[MATERIAL SUPPLIED]
Content starts
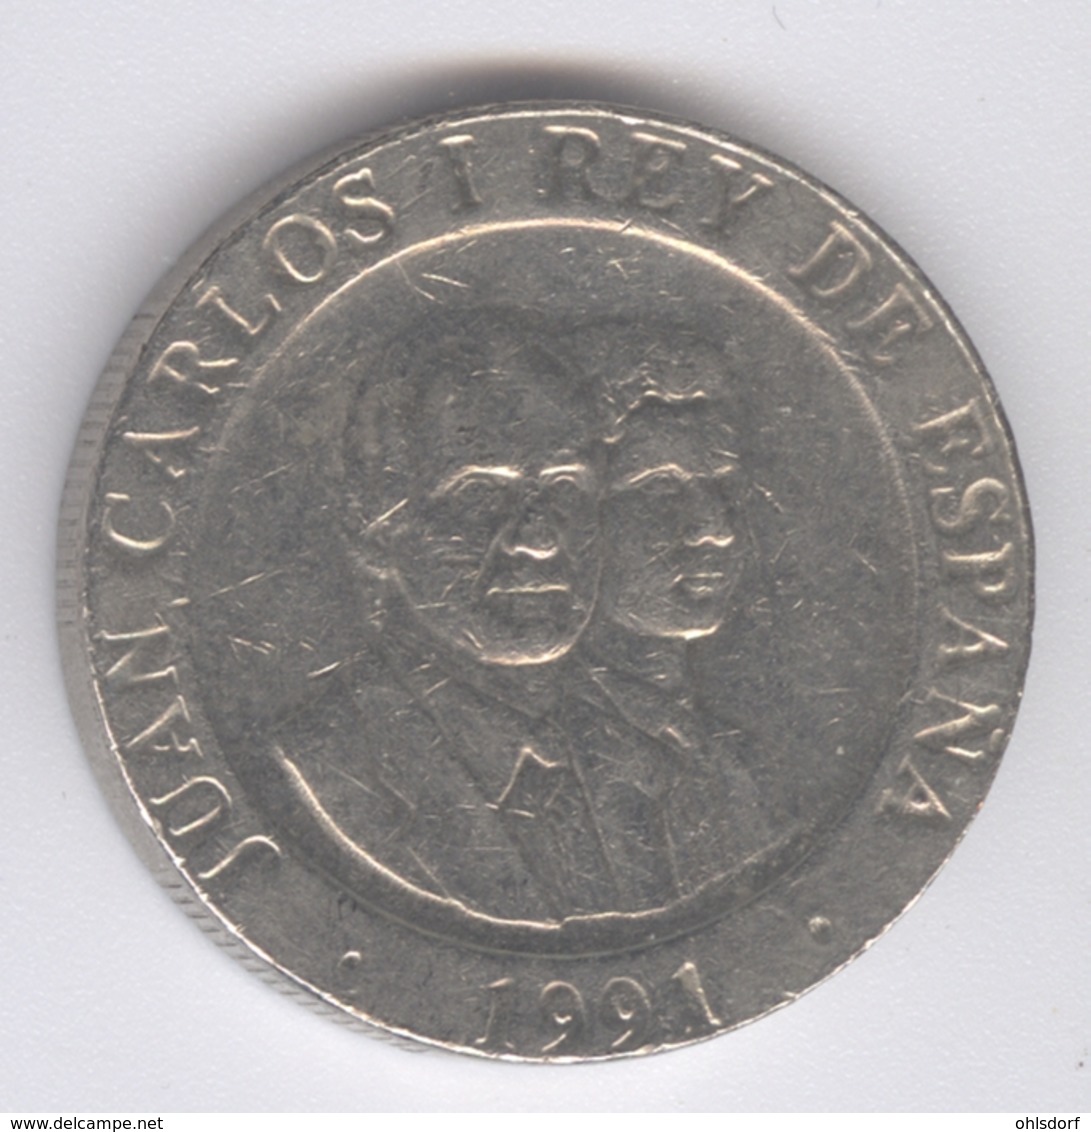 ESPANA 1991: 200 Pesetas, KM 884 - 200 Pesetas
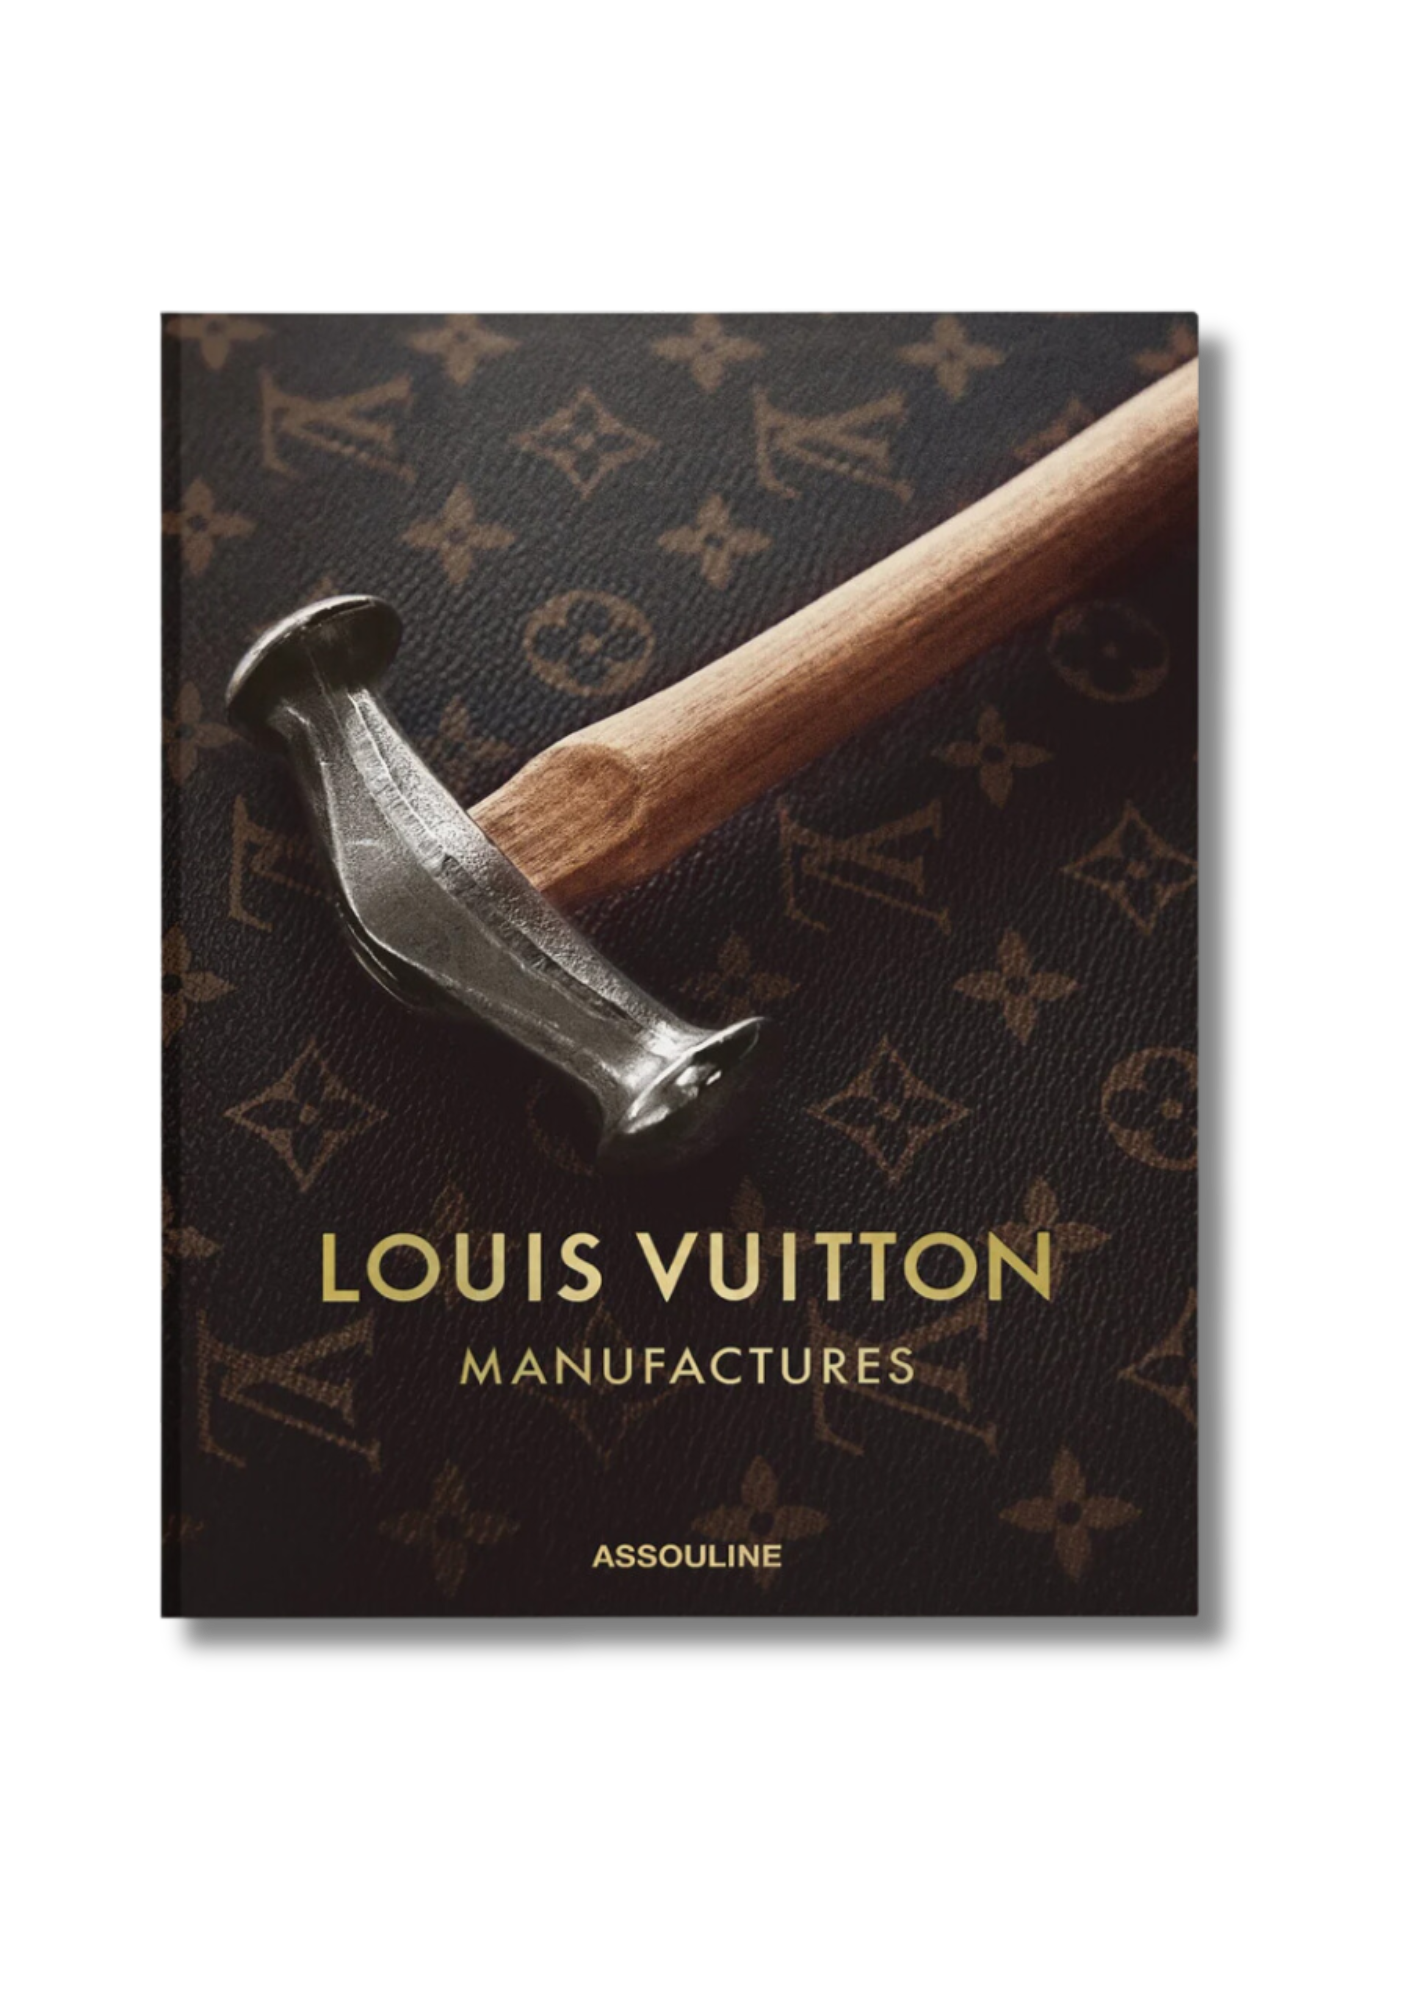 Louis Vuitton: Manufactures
Content ends
Content starts
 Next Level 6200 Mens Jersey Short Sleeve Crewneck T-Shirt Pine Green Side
Content ends
Starting with the line that contains "ESPANA 1991: 200" and finishing with the line that contains "Louis Vuitton: Manufactures", reproduce every line of the material above exactly, but not the pictures.

 ESPANA 1991: 200 Pesetas, KM 884 - 200 Pesetas
 Louis Vuitton: Manufactures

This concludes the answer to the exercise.